◆ Information provided
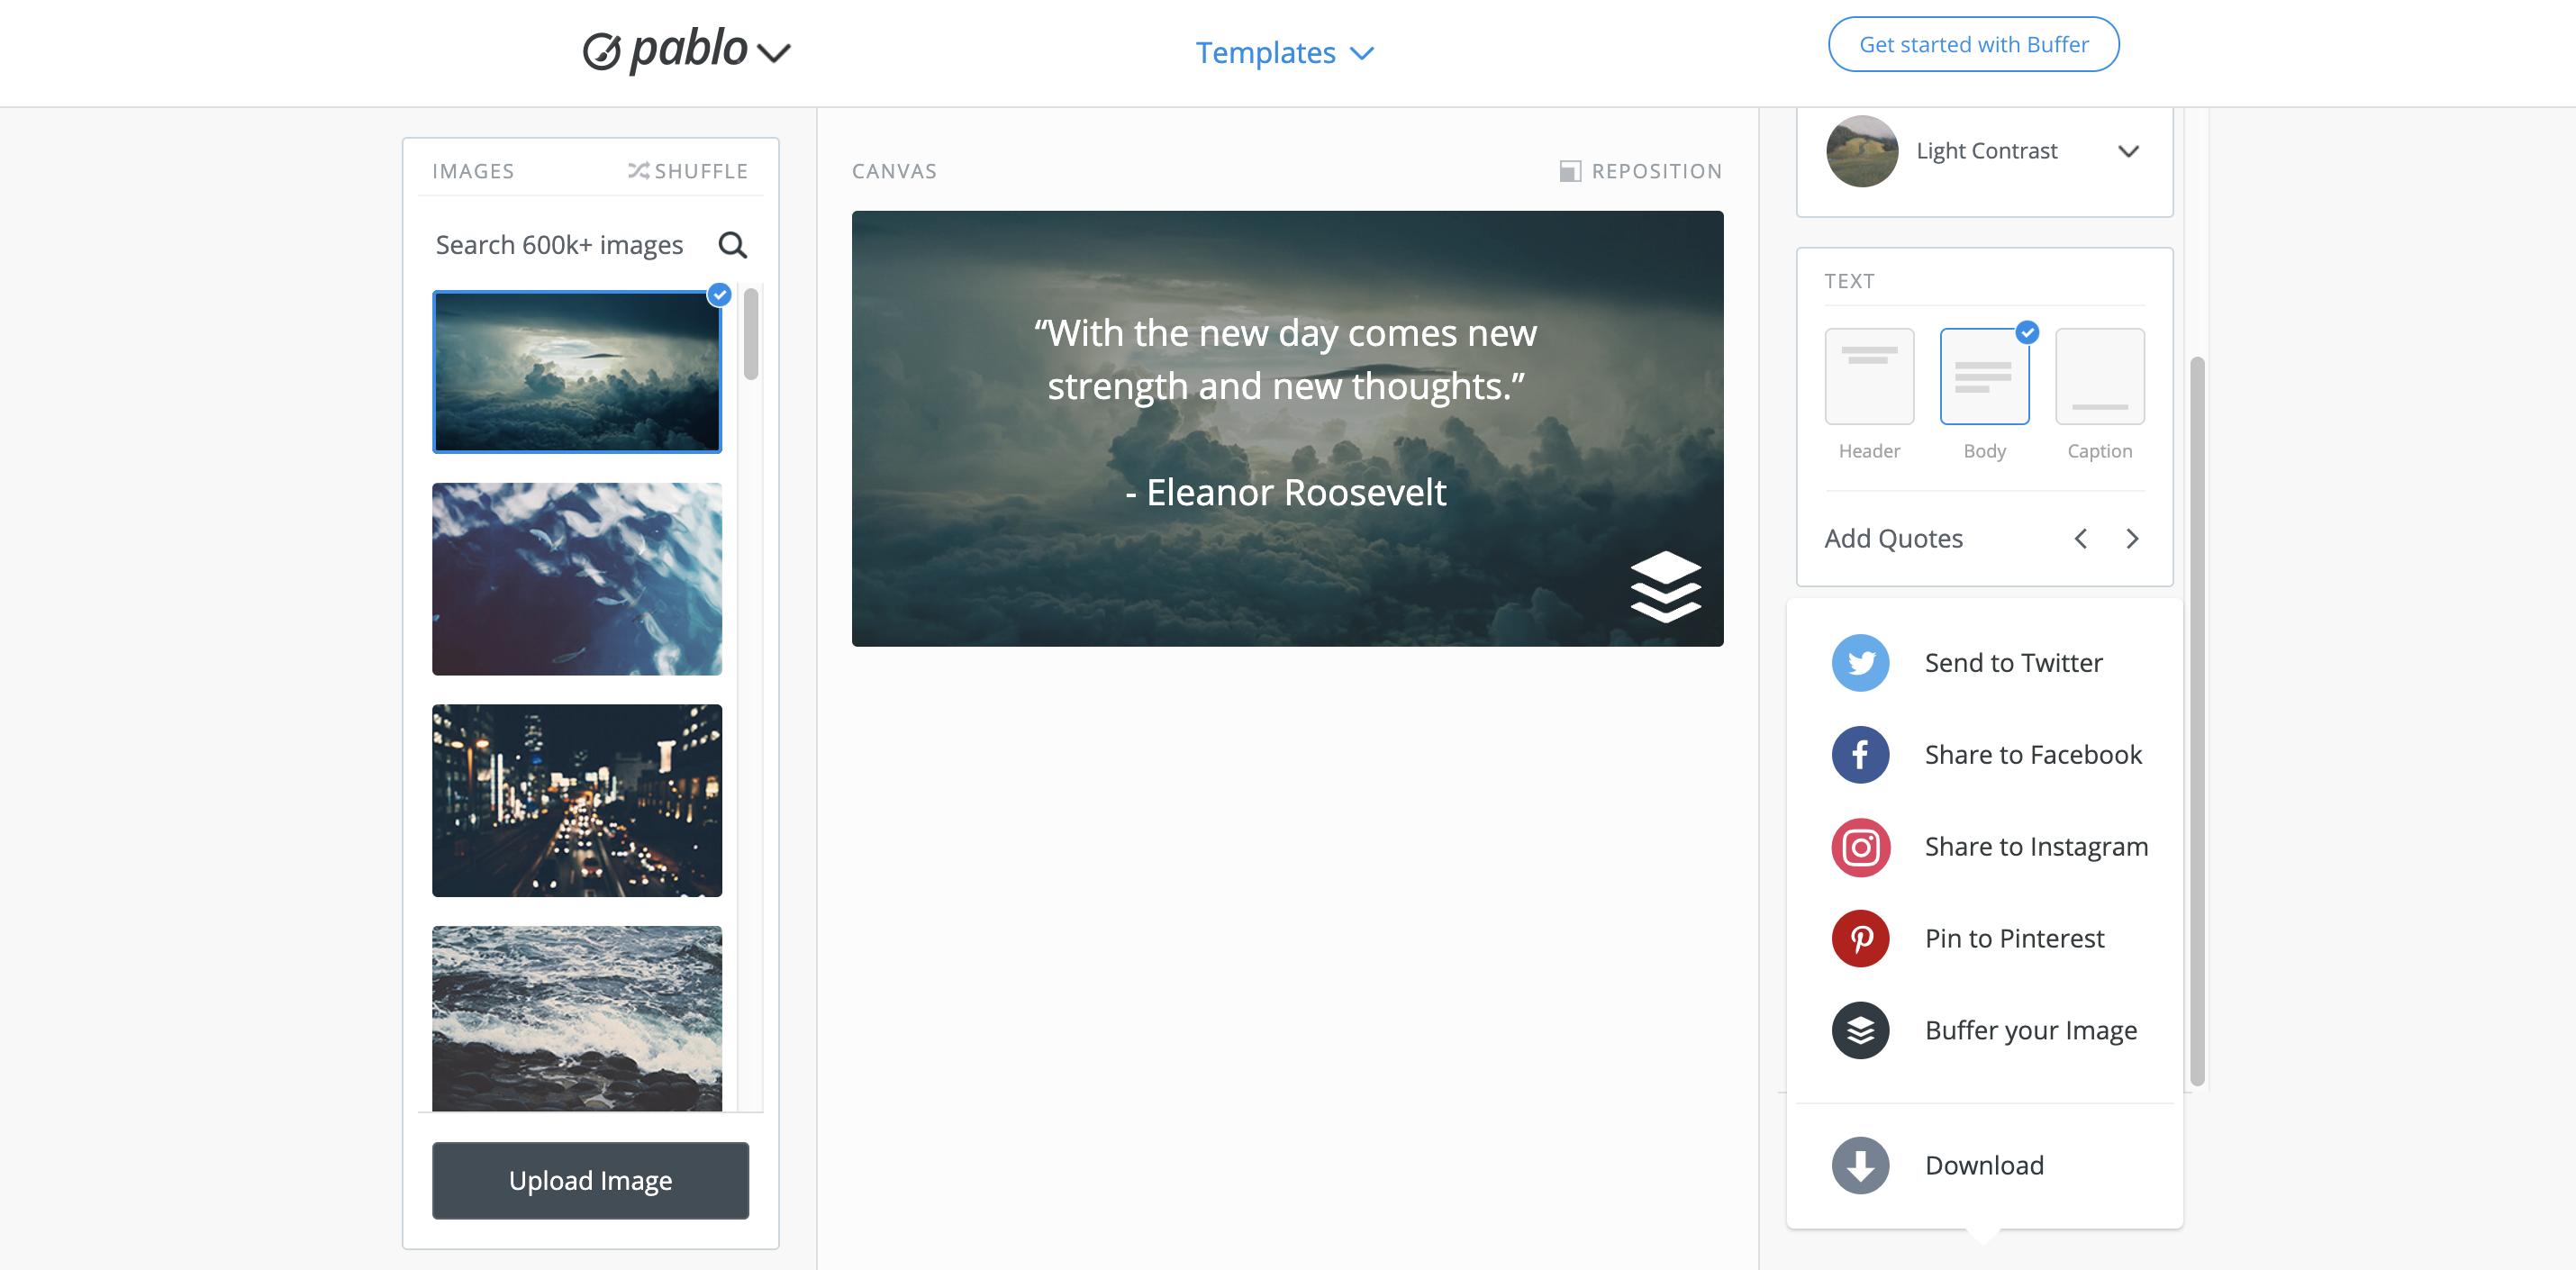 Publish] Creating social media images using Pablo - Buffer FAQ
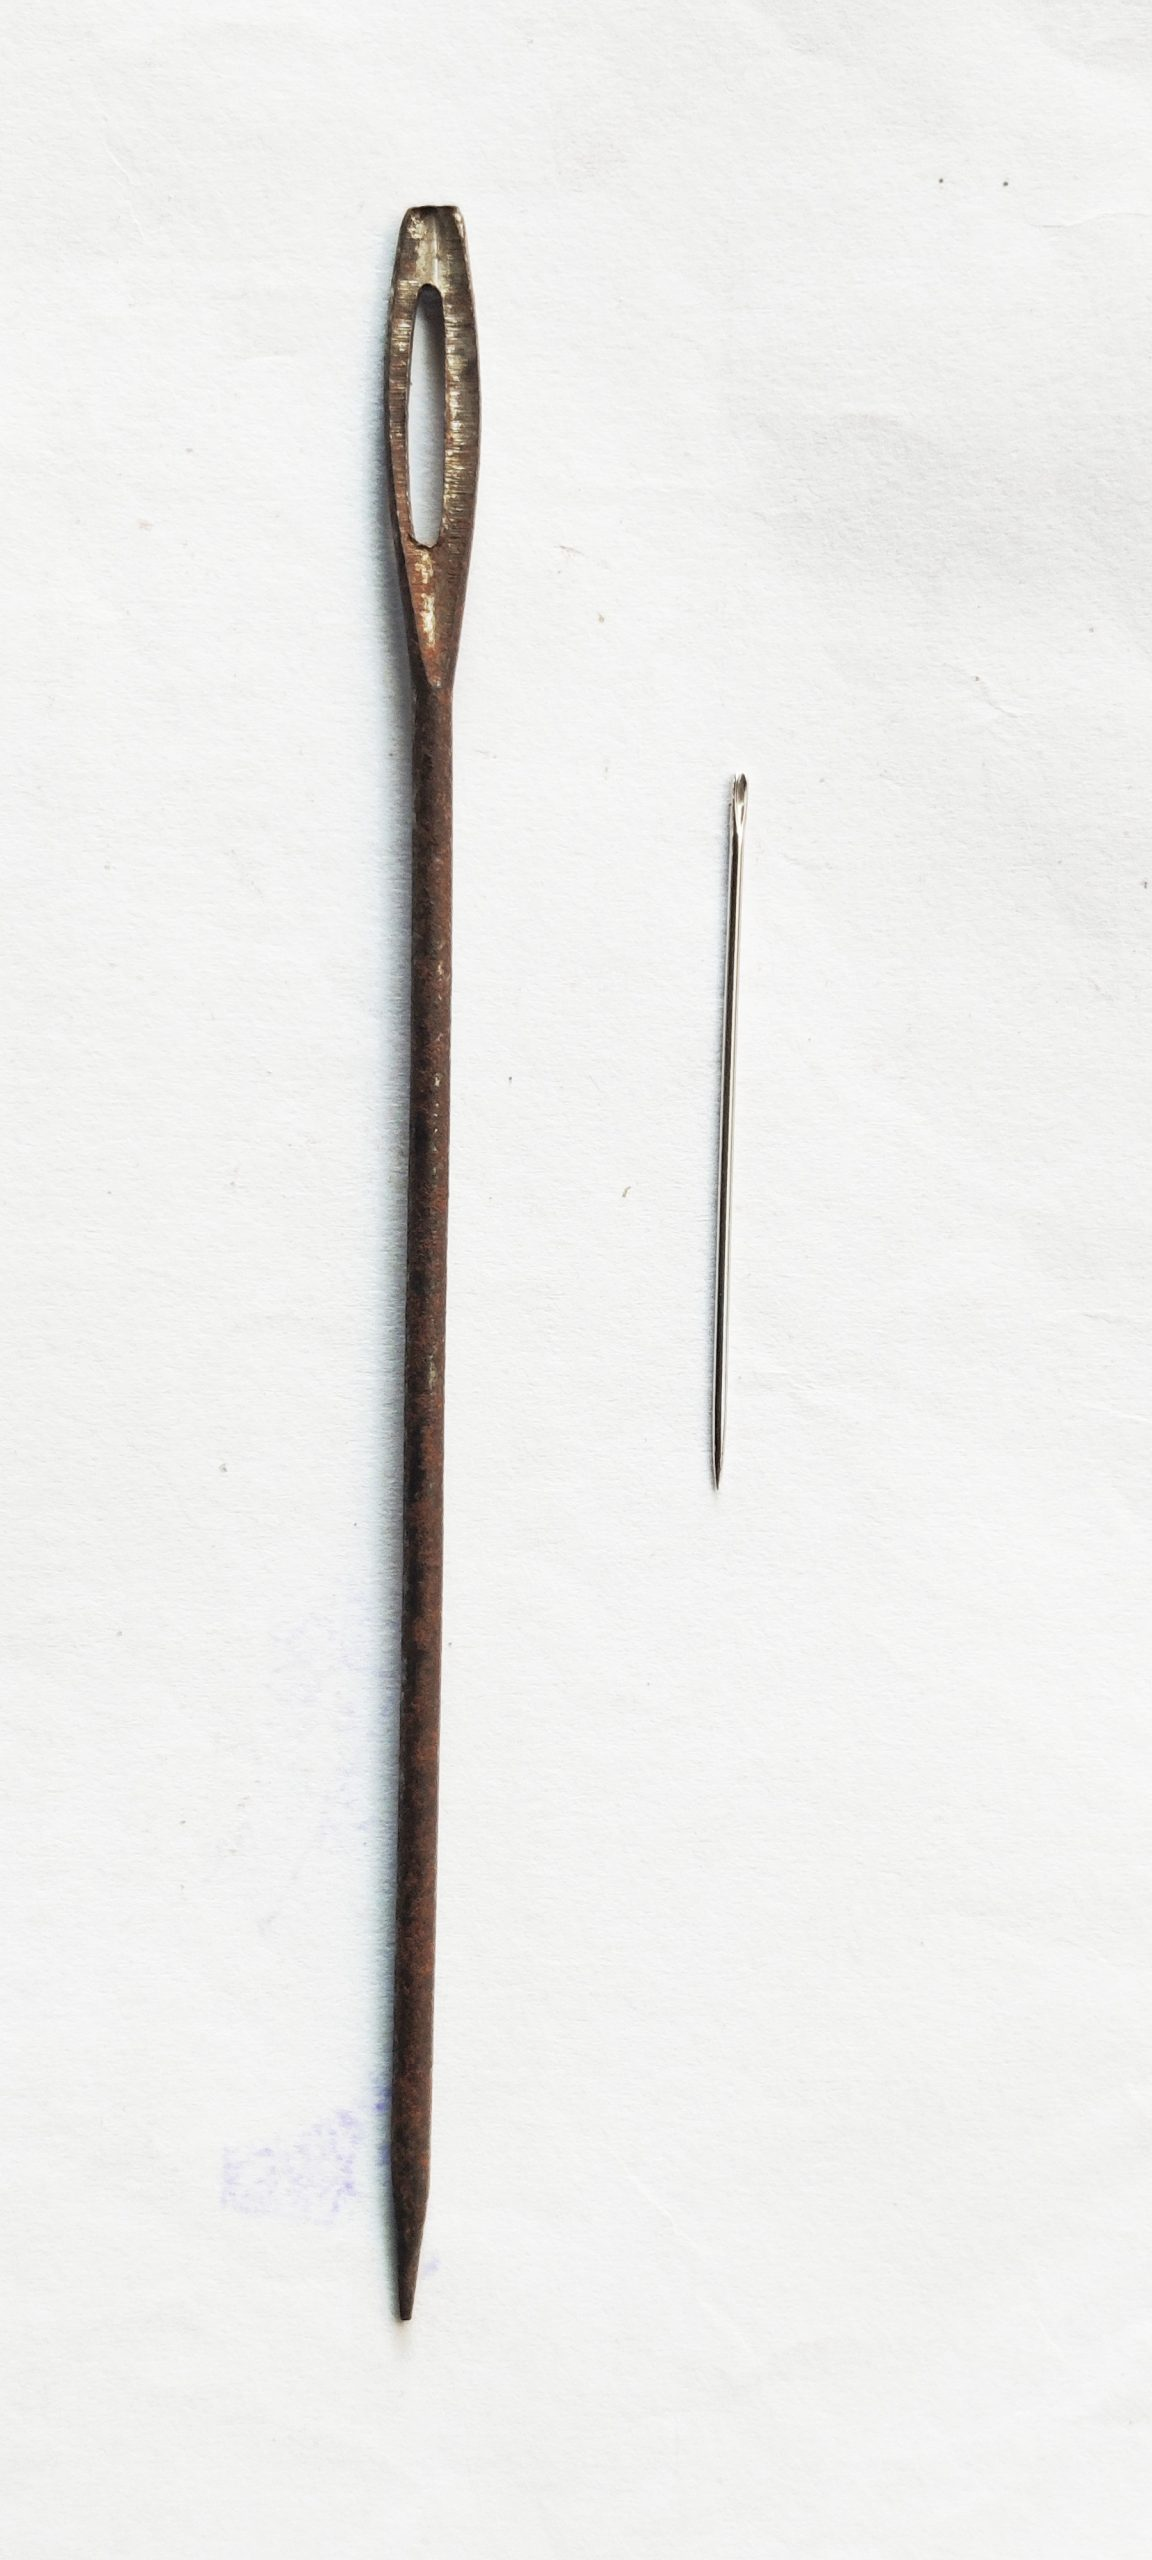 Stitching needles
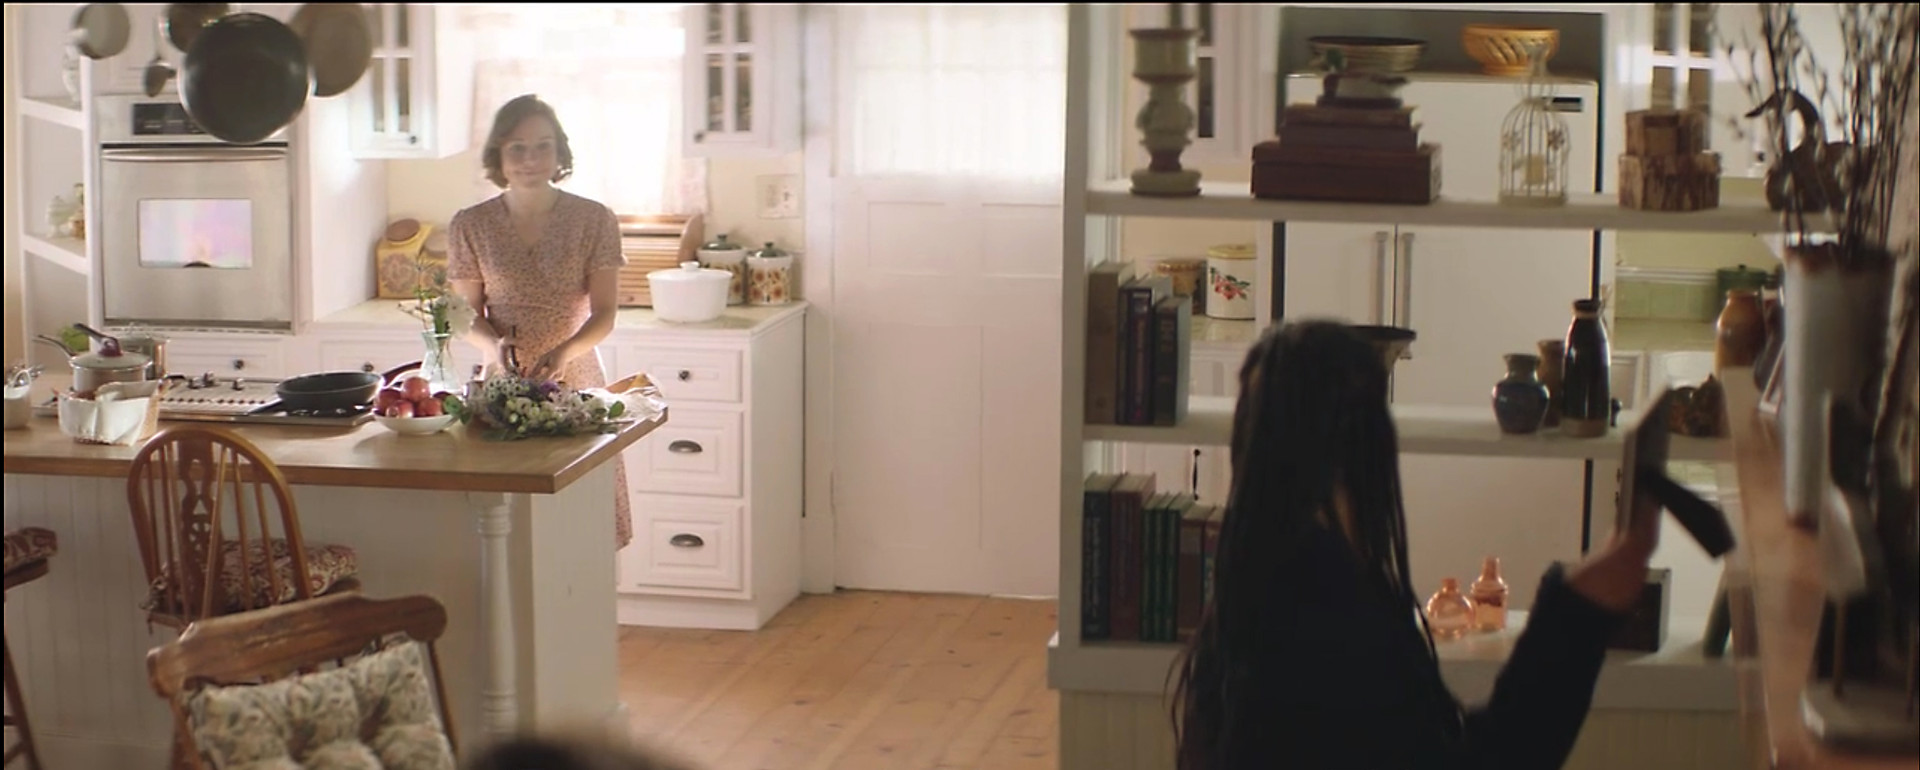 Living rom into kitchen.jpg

◆ Work instruction
Reprint the whole listing above exactly, taking out the pictures.

◆ Expected output
 Publish] Creating social media images using Pablo - Buffer FAQ
 Stitching needles
 Living rom into kitchen.jpg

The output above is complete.